I'm holding out hope for monster.


----------



## silentskream (Sep 20, 2012)

"The specimen likely came from a marine animal... since it was found on the beach," said agency spokesperson Sherlock Friggin' Holmes.


----------



## randomr8 (Oct 24, 2009)

I saw that on the news this morning. It's the size of a soccer ball! - (or at least my memory had it that size...)


----------



## RoxyBlue (Oct 6, 2008)

I call "giant squid"

Science puns:

Carli Segelson, a spokeswoman for the commission: "I shouldn't say this, but they may be able to eyeball it"

What do you think it is? Feel free to give it your best shot a comment below, and keep your eyes peeled for the answer.


----------



## Spooky1 (Aug 25, 2008)

"The primary suspect right now is that it would be a large fish," she said.

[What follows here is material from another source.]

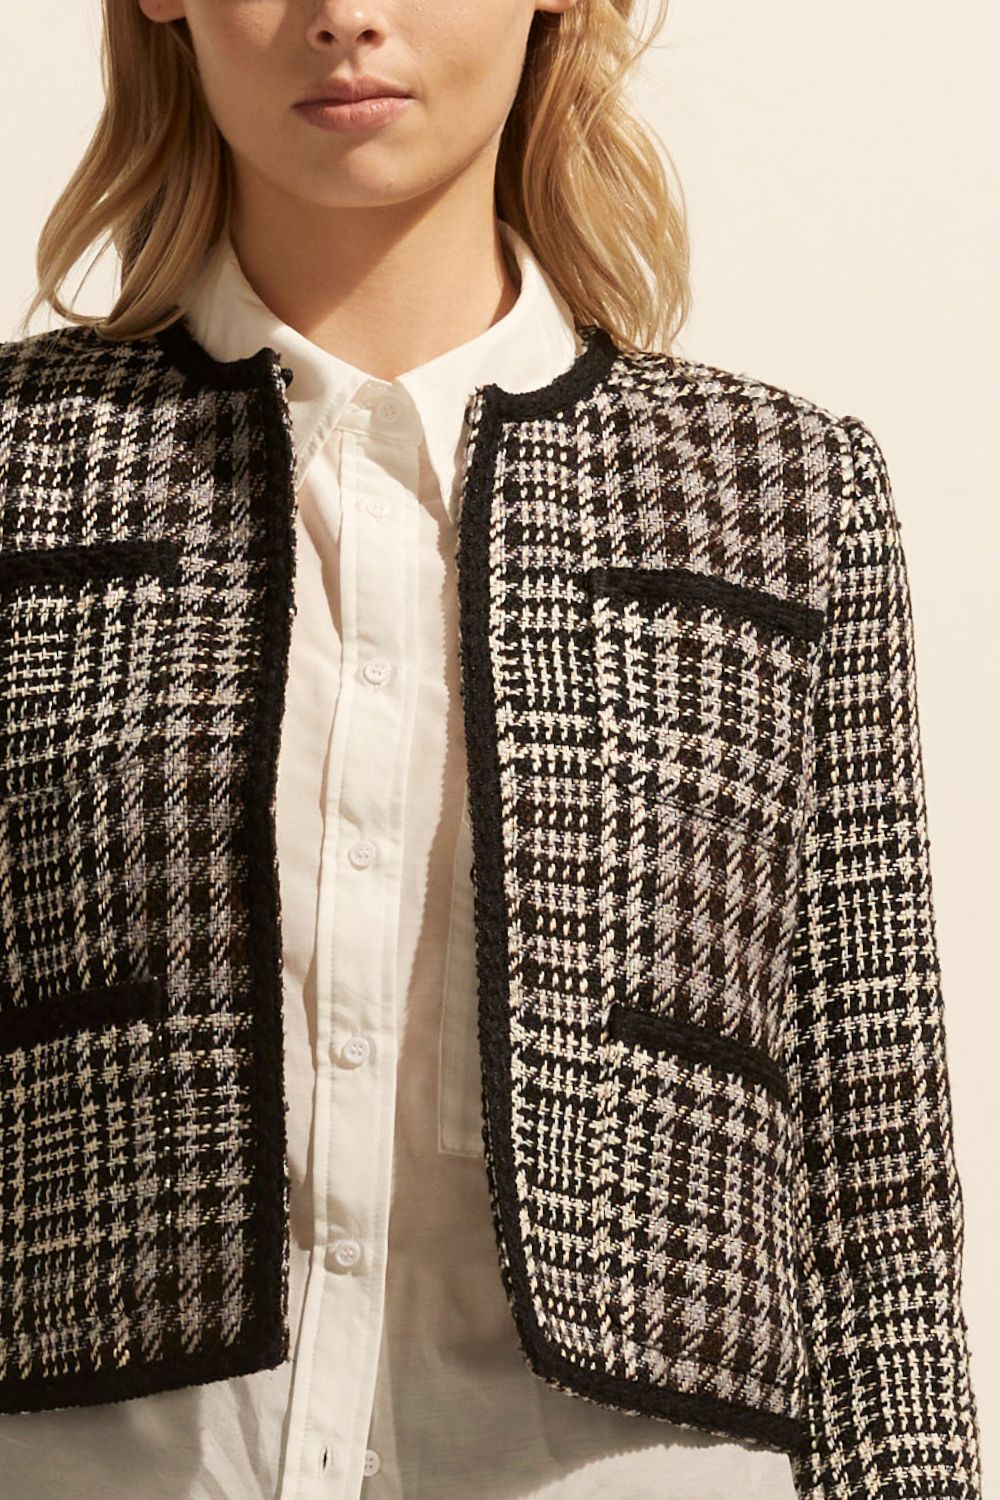 Patron Jacket in Check Boucle

Among the possibilities are a swordfish, or a tuna, or some sort of deep-water fish species."

A sea moster would be more fun.


----------



## debbie5 (Mar 2, 2007)

Flesh geode.


----------



## Spooky1 (Aug 25, 2008)

and the answer is ....... It's a Swordfish eye.


----------



## Dr. Maniaco (Sep 7, 2012)

debbie5 said:


> flesh geode.


ha!


----------



## WendyLou (Jan 3, 2013)

That is so cool. It looks like a Lochness Monster eye (not that I know what one looks like)


----------



## the bloody chef (Dec 14, 2012)

Looks like the Krakken has been released!!!


----------



## Tortureklown (May 7, 2012)

maybe it is an eye creature and that all there is too it eats plankton through tear gland LoL


----------